I can't compete with you on technical knowledge yet I've seen far too many articles to think that every article is biased in Nikon's favour. 

I am 100% Canon and have no intention of switching.


----------



## 9VIII (Sep 3, 2014)

Hang on a second, at the end, he gave Nikon the advantage for "high end" wildlife photographers because of increased IQ (6:20), but those numbers were based on the D810, not the D4/S as I'm assuming most professional photographers would use (shooting at high ISO at dawn and such), which brings the resolution back down to where the 1DX has the advantage...
The kicker is he talks like the Nikon lenses are sharper, probably based on the DXO scores attached to the D810.

Come Friday, hopefully Tony will have to eat every single word in that video (minus the stuff about Canon having better lens and flash selection).


----------



## dtaylor (Sep 3, 2014)

fussy III said:


> Lifted shadows look awful with Canon.



No. They look awful when people come up with unrealistic, underexposed tests and turn off all NR. They look fine when you expose like a trained photographer for a real world scene and use a little NR.



> And resolution of D810 with a good lens is unsurpassed in FF. Guess everyone open-eyed would agree.

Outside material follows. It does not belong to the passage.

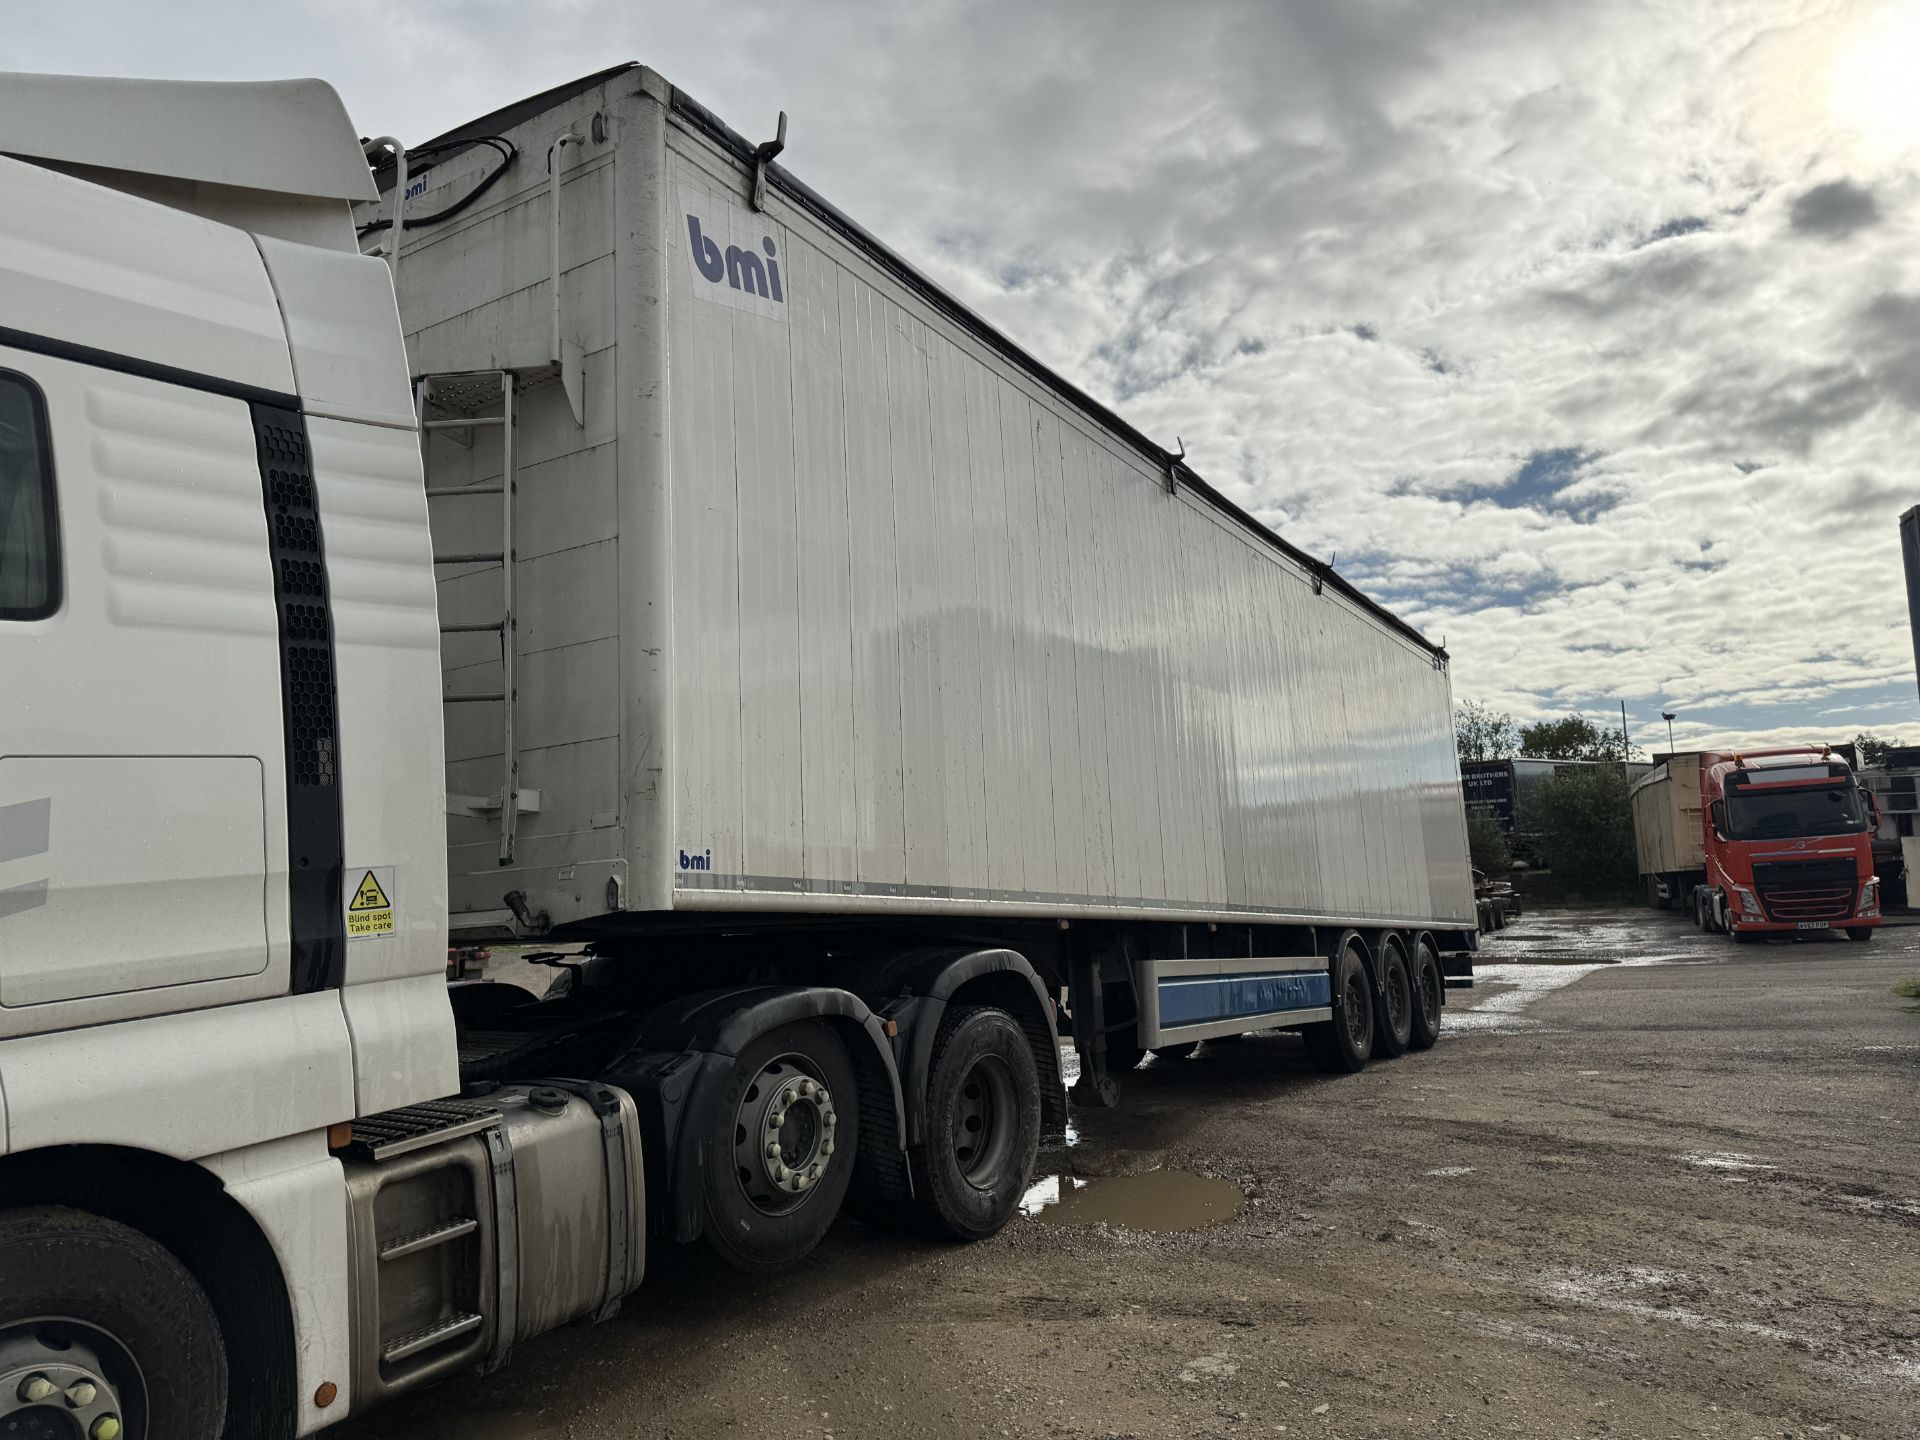 2017 - BMI Trailers Type AW 125, Tri Axle Air Suspension 125 Yard Cargo Floor Trailer - Image 7 of 46
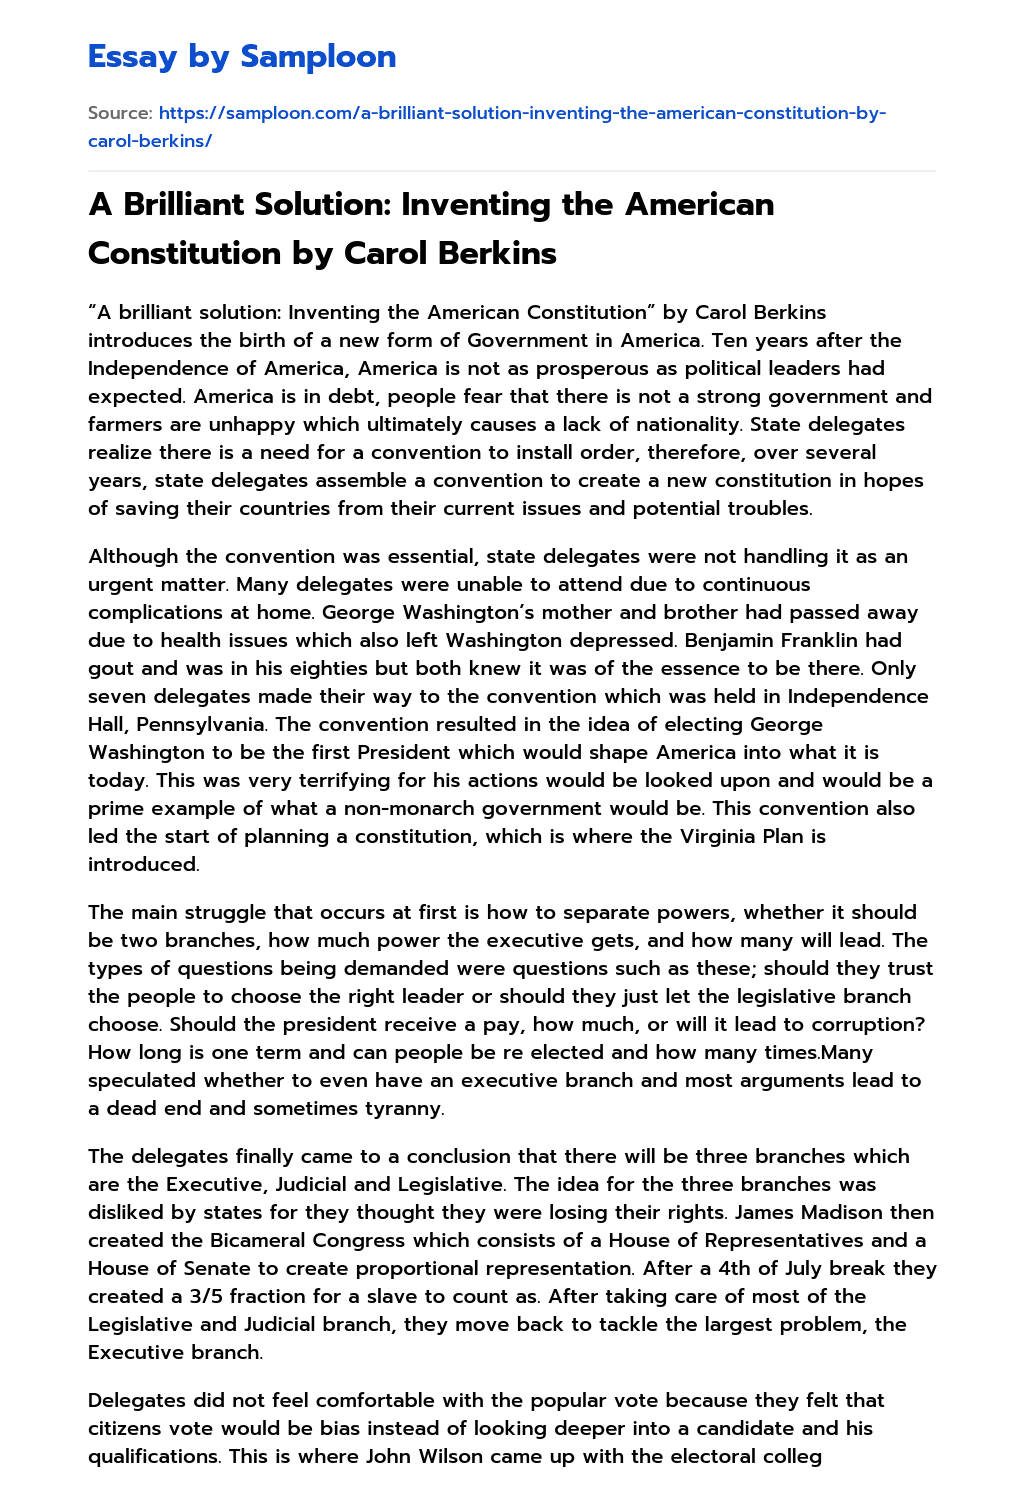 A Brilliant Solution: Inventing the American Constitution by Carol Berkins essay

Except that you literally cannot tell the difference in large prints. Most of the glowing over 36 MP comes down to people not scaling the comparison image up correctly with light sharpening. I just went through this deciding which Sony A7 I want to buy. When pixel peeping you will catch differences in very fine textures, tiny patterns, and tiny high contrast details (i.e. small print).

In a 24" or 36" print? Good luck. And that's off an Epson professional printer to Hot Press Bright.

When Canon ships a higher rez sensor they need to go to 50 MP+. You need a 50% gain on each axis to matter in a print.



> Who cares about numbers or DXO-charts when something is so obvious. Just view the files!



We have. Repeatedly.


----------



## neuroanatomist (Sep 3, 2014)

fussy III said:


> Based on what? - Simple answer: on capacities regarding shadow-lifting, DR and resolution (as Mr. Northrup readily points out to anyone willing to listen).





Sabaki said:


> Based on what my eye tells me. All respect to you Neuro, I do buy into the logic that there's aspects of the Canon bodies, like AF, that beats the Nikons. But as far as image quality is concerned, Nikon wins out.



Sensor ≠ camera. 



Sabaki said:


> ...I've seen far too many articles to think that every article is biased in Nikon's favour.



Of course not every article/blog post is biased. Tony Northrup's manifestly are, though.


----------



## dtaylor (Sep 3, 2014)

Sabaki said:


> I can't compete with you on technical knowledge yet I've seen far too many articles to think that every article is biased in Nikon's favour.



They're not biased, they're just splitting hairs or...worse...concocting ridiculous tests that have nothing to do with the real world.

The Exmor 36 MP sensor is better by a small margin. To rant about it blowing away the 5D3 sensor or negating Canon FF to Facebook status...Ken Rockwell isn't that silly.


----------



## andrewflo (Sep 3, 2014)

Someone tries to start a discussion about Nikon vs. Canon and everyone goes up in arms... shocker.

How about instead of all calling the man the devil, everyone who disagrees formulate a more accurate, correct, comparison of technical stats and performance. 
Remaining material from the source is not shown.